Joe went to the store, and I climbed up the stairs to see Min and Little S. The door was open, and I could hear voices inside. I tried knocking, but they couldn't hear me. So I walked in, down the hallway to the back of the house, and Min saw me, gasped, and then I found myself in another hug. Oh my g-d, it is so good to see you. It is so good to see you.
Little S came over, so tall and thin, a front tooth lost, an adult tooth coming in. She was shy but curious, and Min asked if she remembered who I was. It's Louise, remember? Do you remember when she took care of you?

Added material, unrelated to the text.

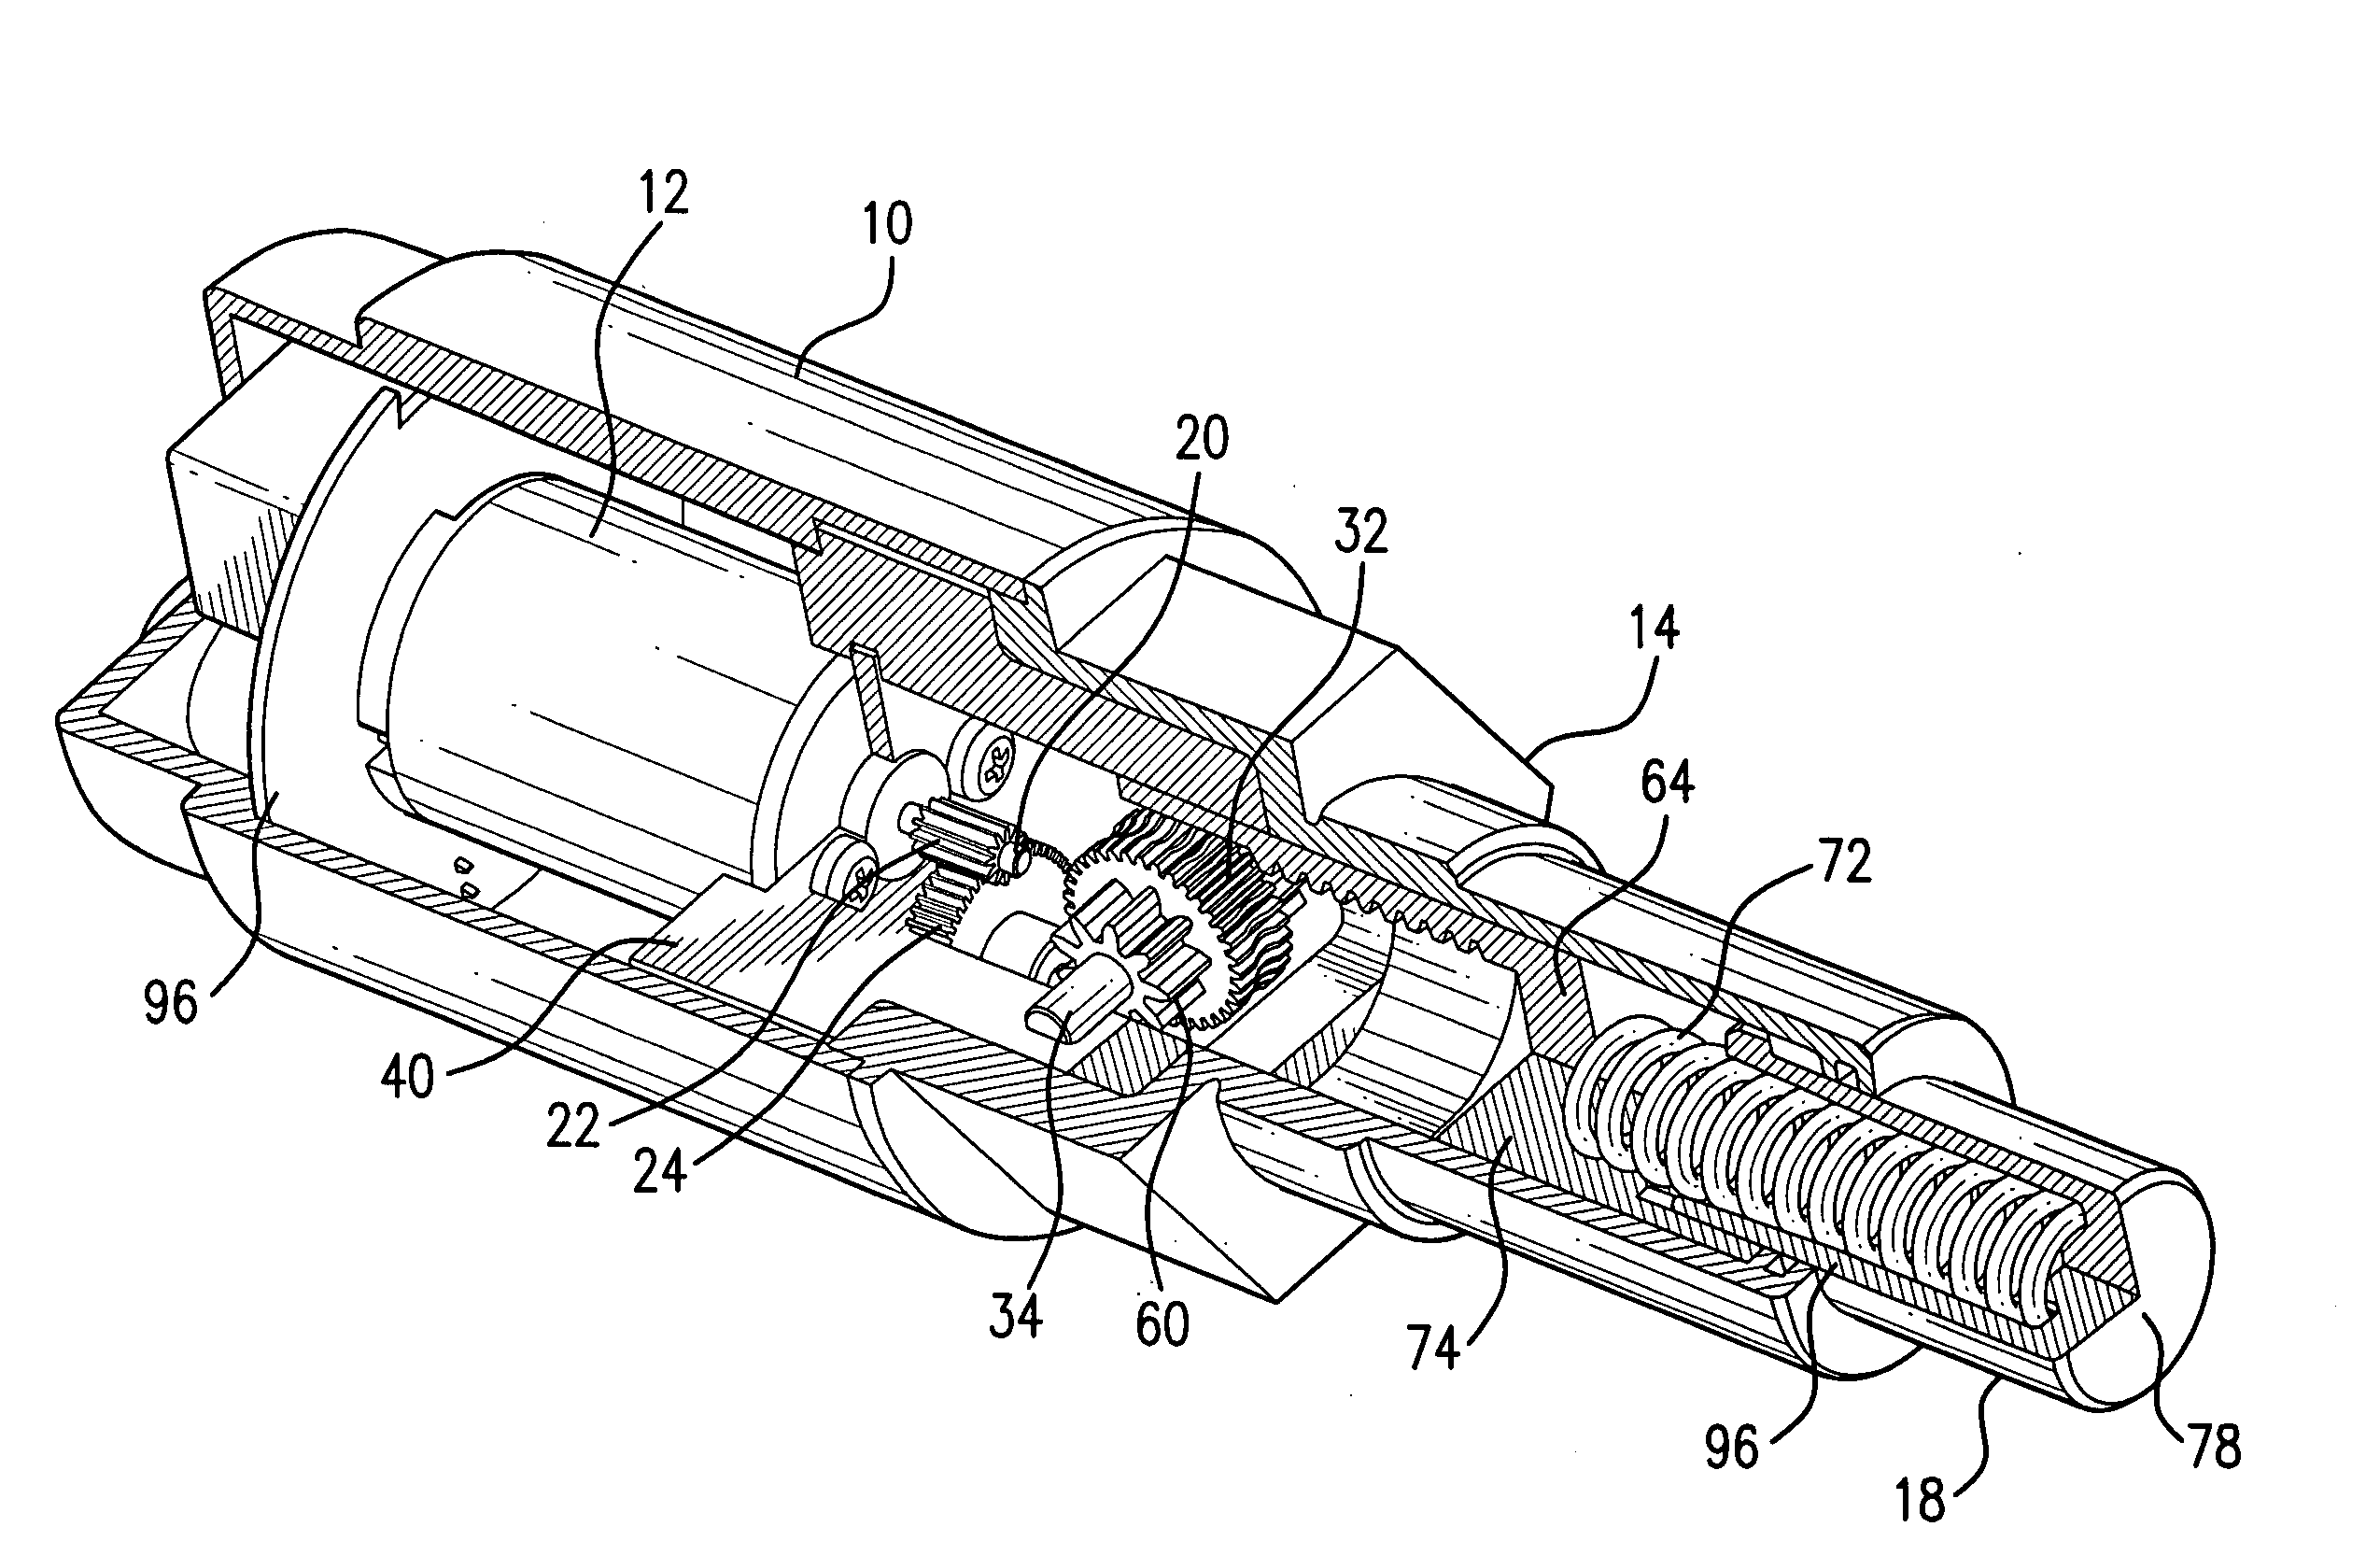 Motor-driven actuator

A light flicked on for Little S. Yes! I remember! I didn't know at first because your hair is different. It used to be reddish, but now it is brown and curly. I used to dye my hair a lot in those days. Little S asked if she could give me a hug. I would like nothing more, I told her. And I hugged that girl, one of my best friends, perhaps the sweetest and cleverest and funniest girls I have ever been honoured to know. I sat in the kitchen with Min and Joe (back from the store), eating strawberry cheesecake and drinking a beer.

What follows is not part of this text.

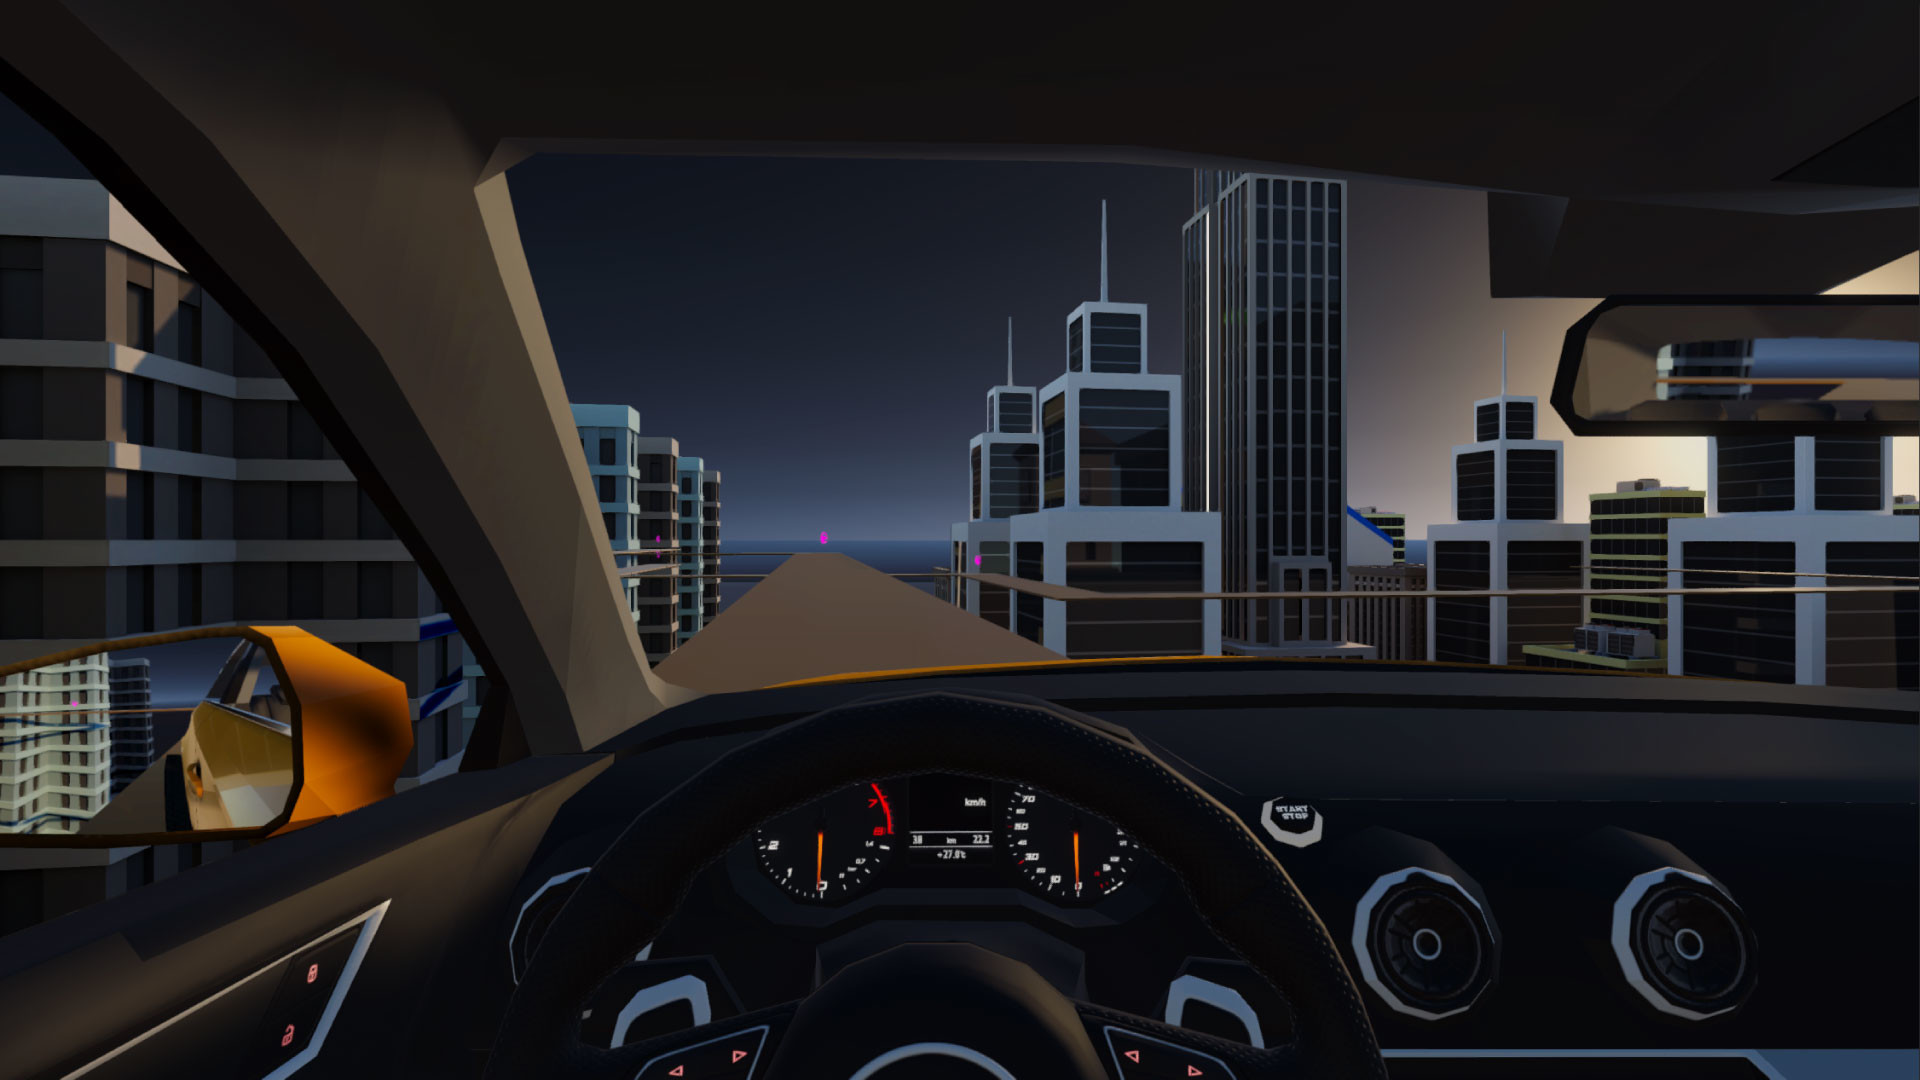 Download and Play Car Games: Parking Simulator Game on PC & Mac (Emulator)

We caught up on our missing years. You have to understand, this is my family. When I was in the hospital and my mother left me sobbing and hurt, I didn't call a friend or The Boyfriend or a family member -- I called Min. I have so much love for all of them.

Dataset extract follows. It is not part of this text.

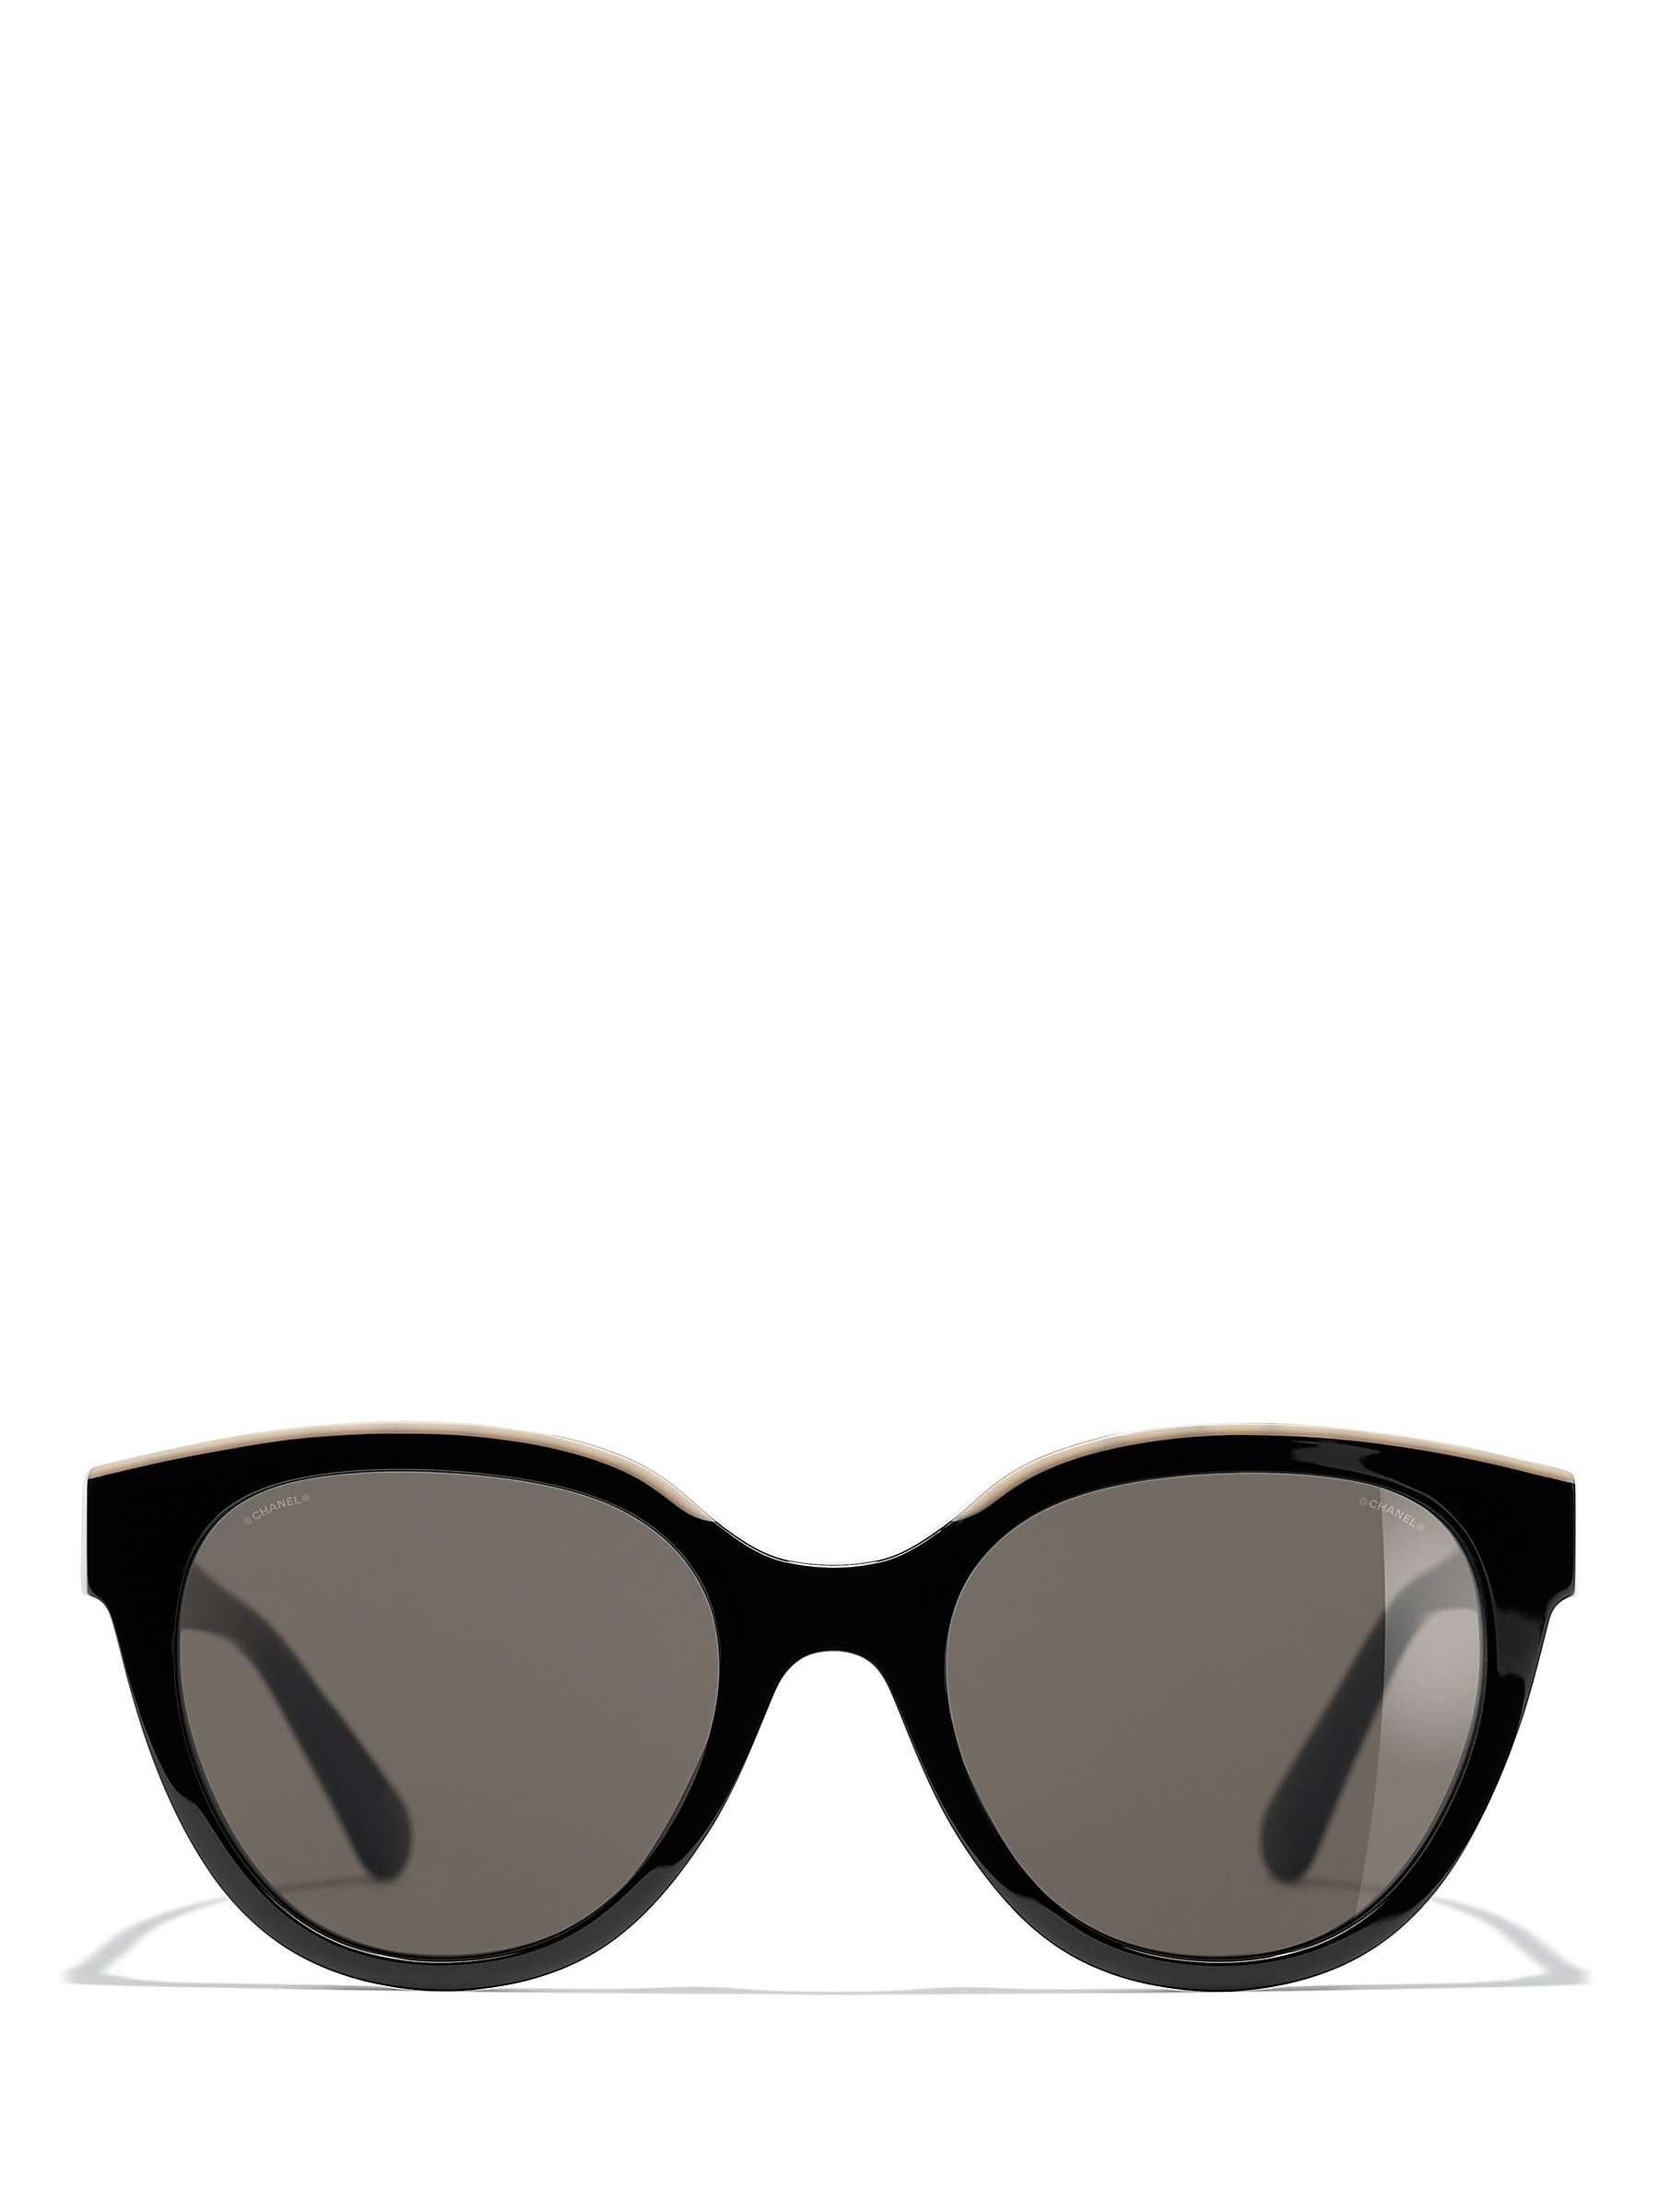 Buy CHANEL Oval Sunglasses CH5414 Black/Beige Online at johnlewis.com

My meeting with them was serendipitous. Min and Little S had just come back from her parent's farm that morning, and Joe was there to celebrate his birthday early as Min and Little S were taking the train east in a couple hours. My window of opportunity was small. But there was something else about that meeting that gives me pause; one of those things which makes me consider that perhaps there is a design which our lives follow.
You see, Min and Joe had a good friend, A. She had a little girl the same age as Little S, and she would bring her over to play when I worked. The last time I saw A. was the last time I had seen Min and Joe and S. She had given birth to a second daughter literally days before.
A. was breastfeeding. Her youngest daughter was about a year when A. found the lump. At first she didn't think anything of it -- her breasts were occasionally lumpy when breastfeeding her first girl, and she felt fine. She was tired and stressed, but her marriage was falling apart, she was in the middle of moving, and life wasn't treating her too kindly. Anyone would be tired.
But things weren't fine. A. went to her doctor, and before long she was diagnosed with breast cancer. It had already spread to her bones and liver. She did radiation and chemo treatments, and followed a complementary treatment cycle with a naturopath. She was feeling good, keeping her energy up. But she woke up with a pain in her neck one morning, and the pain was a lump, and before long she died. Min saw A. the night before her death, and said that A. was calm and accepting. She knew her babies would be taken care of, and she was ready to go. I cried a little when Min told me that.
A. passed away exactly one month to the day that I visited Joe and Min. This was the day on which the month of mourning for A. concluded. A period of mourning ought to be followed by a period of joy. And if there is a design to our lives, then perhaps I was meant to be that joy. A. passed out of Min, Joe, and Little S's lives while I passed back in.
A., I am sorry if this is the 'balance' of the universe. You won't be forgotten.